Measuring the rightful application of patient-nurse confidentiality measures is highly important especially if other members of the society ought to be involved in the situation already. Protecting the right of the higher number of individuals that could be involved in the case should be the primary concern of the medical practitioners. When it comes to sharing the information to the people who could be involved, doctors and other medical practitioners should of course give warning to the patient first, at least giving him a chance to prepare as to how the individuals to whom the information would be disclosed to might react accordingly. The concept of applying deontological theory into nursing requires concentration on how the medical attendees of patients do provide close attention to how they adhere to their obligations towards their patients and their profession (Kimmelman, et al, 2009). In NBC’s ER: Betraying Trust or Providing Good Care episode, the emergence of conflict when the breach of contract on patient-nurse confidentiality was accomplished came into close-concern.

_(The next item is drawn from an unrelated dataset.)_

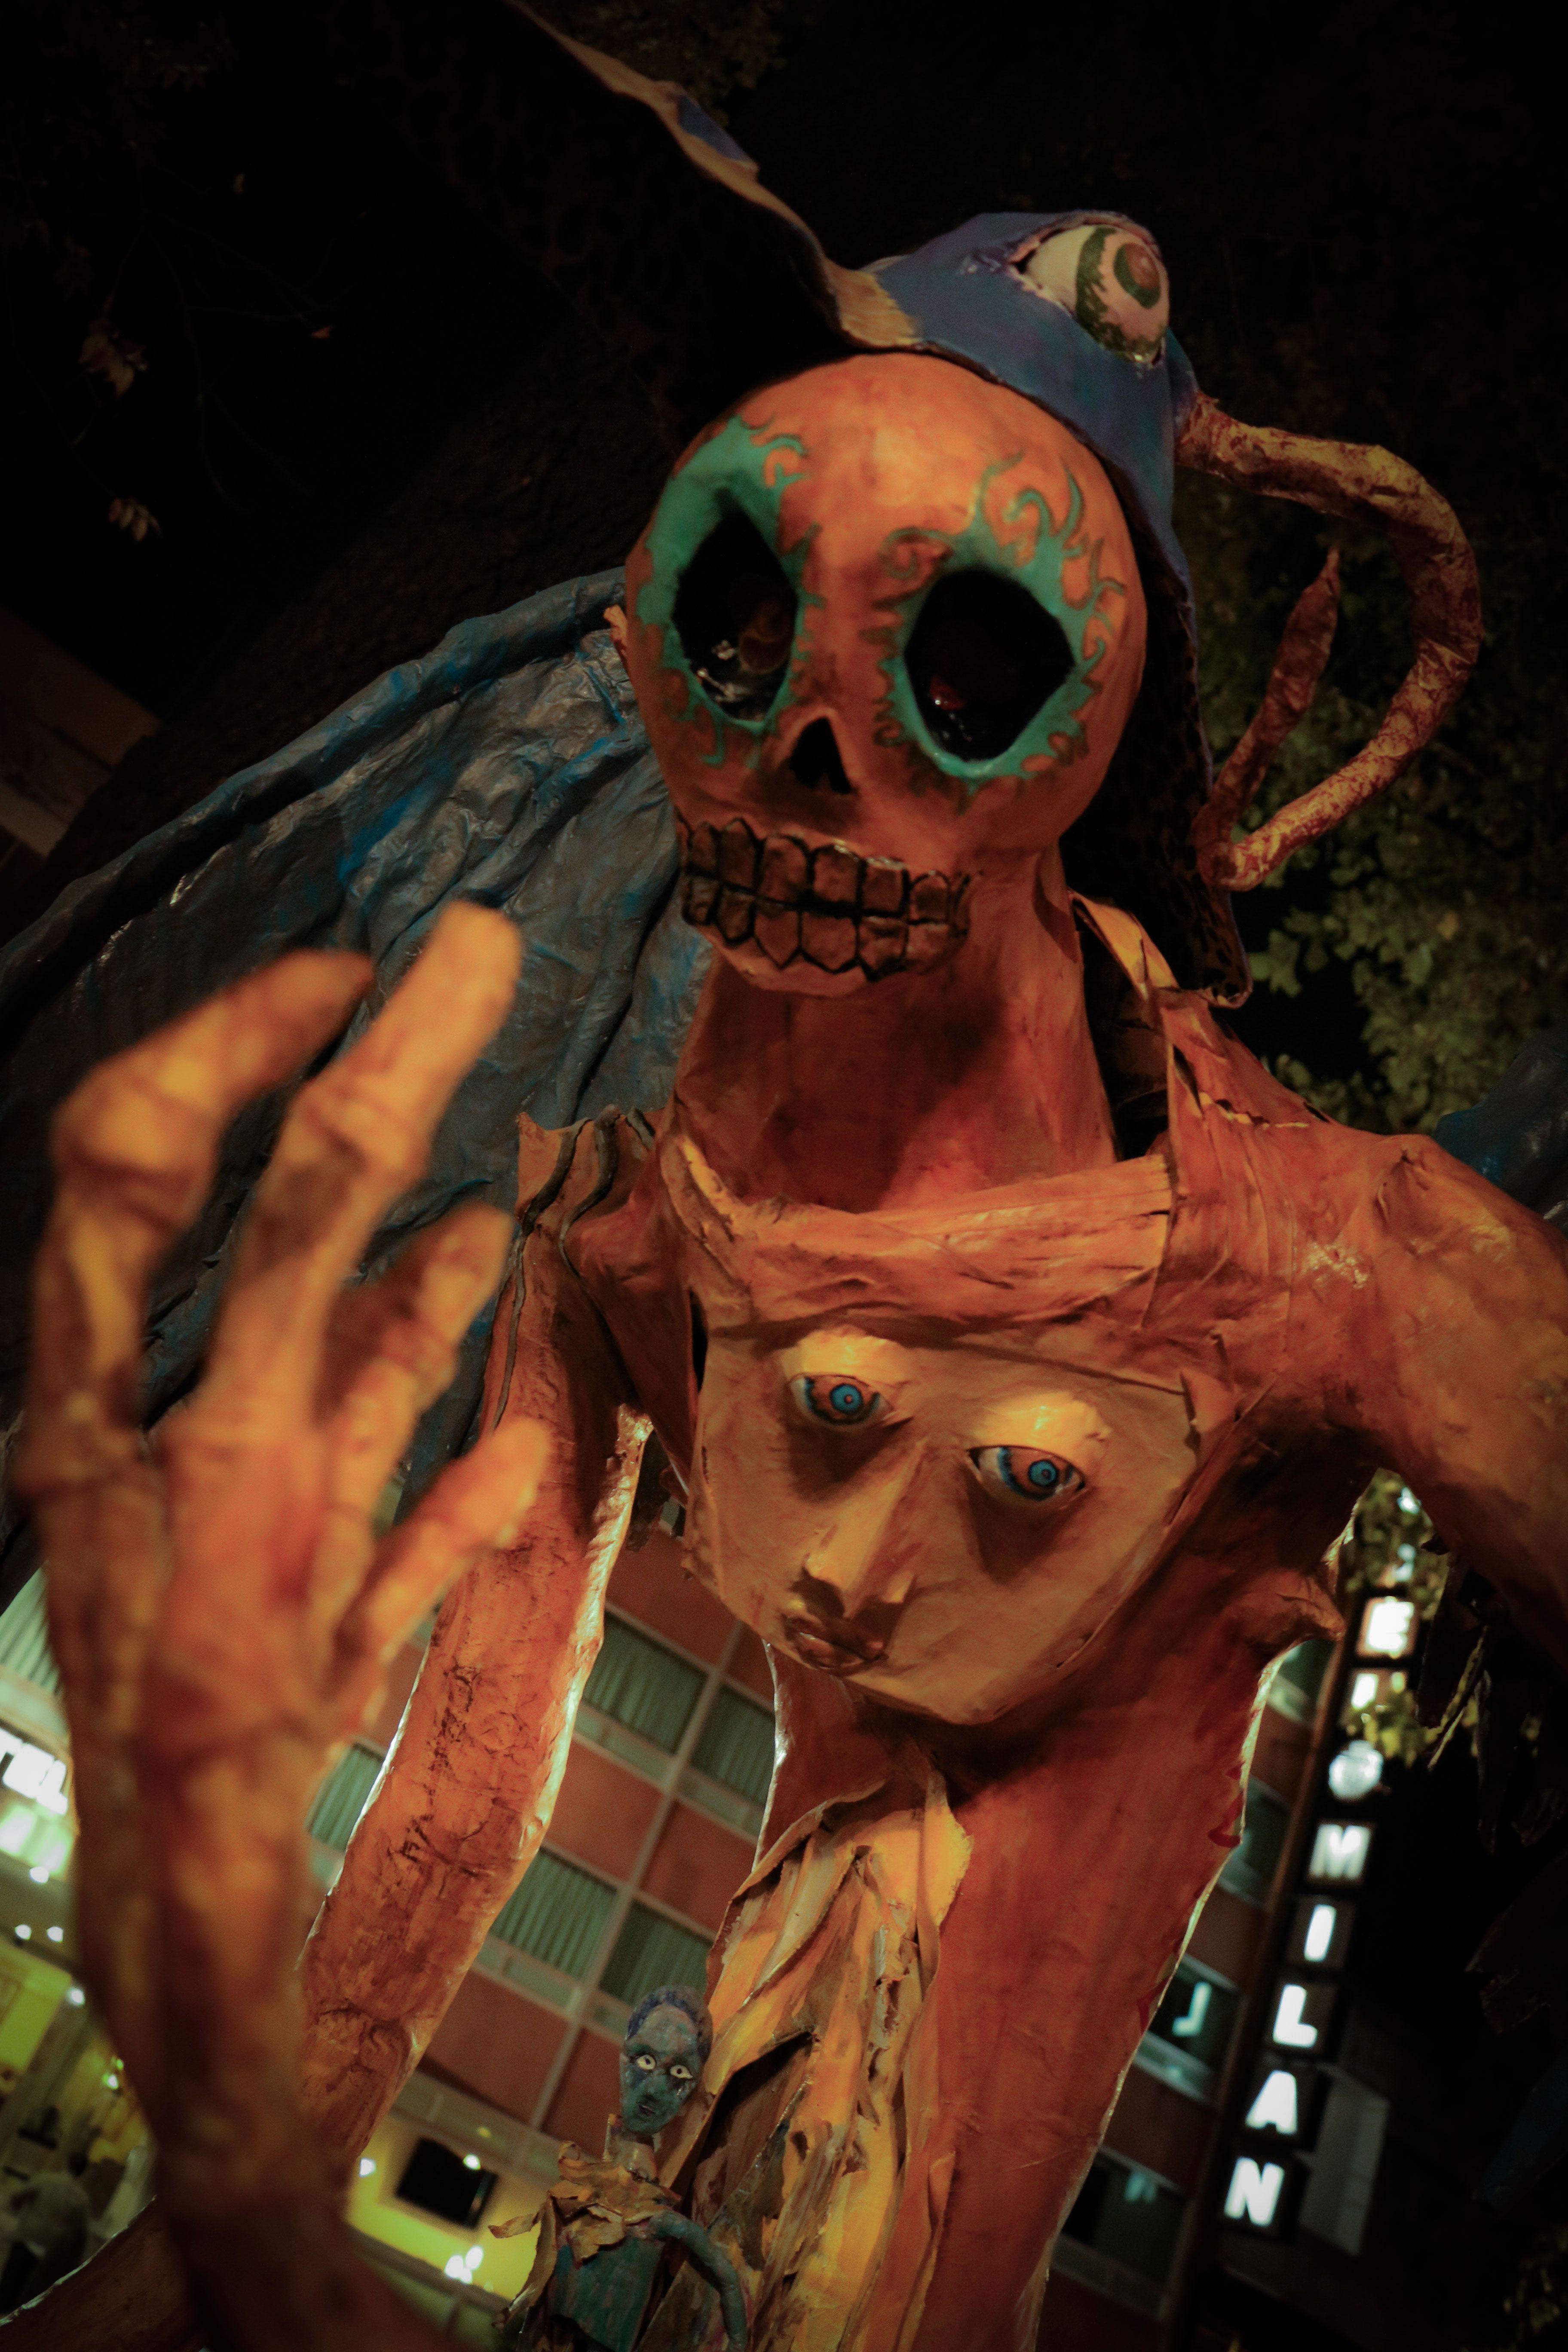 #alebrijes #mexico #diademuertos #calaveras #scull #sculls #mexicanart #mexican #latin #mexicocity #alebrijesreforma #folkart #adrianadreves #dreves #monster #dragon #nightmare #remediosvaro

Seeing how the medical practitioners handled the situation insisted on how important it is to give attention to such agreements between the nurse and patient especially in balancing out the effects of either keeping or disclosing the information presented by the patient (Appel, 2006)..

It could be understood that somehow, the concept of establishing a common point of agreement between the patient and the doctor when it comes to disclosing particular confidential and complex information is necessary, especially if the case could involve more than one individual. Disclosing as much information as needed should be measured and agreed upon by the doctor and the patient so as to avoid any possible conflicts in the future. Practically, people have become more open to the idea of protecting the ones they love especially when the issue is relatively connected to the integrity of the health conditions of the people involved in the case. With this realization, the medical practitioners could impose on the need to make sure that information disclosed to them should be clear of distinct effects on the ways by which these data would not be in any way affective of the lives of others. When dangers are seen to spur from the current situation of the patient and sharing the information to concerned individuals would be the only way of determining the possible ways of defining the determinable source of containing the situation, medical practitioners ought to take action and create an agreement with the patient as to how such situations could be dealt with accordingly.

References

Appel, JM. Must My Doctor Tell My Partner? Rethinking Confidentiality In the HIV Era, Medicine and Health Rhode Island, Jun 2006

Tassano, Fabian. The Power of Life or Death: Medical Coercion and the Euthanasia Debate. Foreword by Thomas Szasz, MD. London: Duckworth, 1995. Oxford: Oxford Forum, 1999.

Kimmelman, J.; Weijer, C; Meslin, E (2009). “Helsinki discords: FDA, ethics, and international drug trials”. The Lancet 373 (9657): 13–4.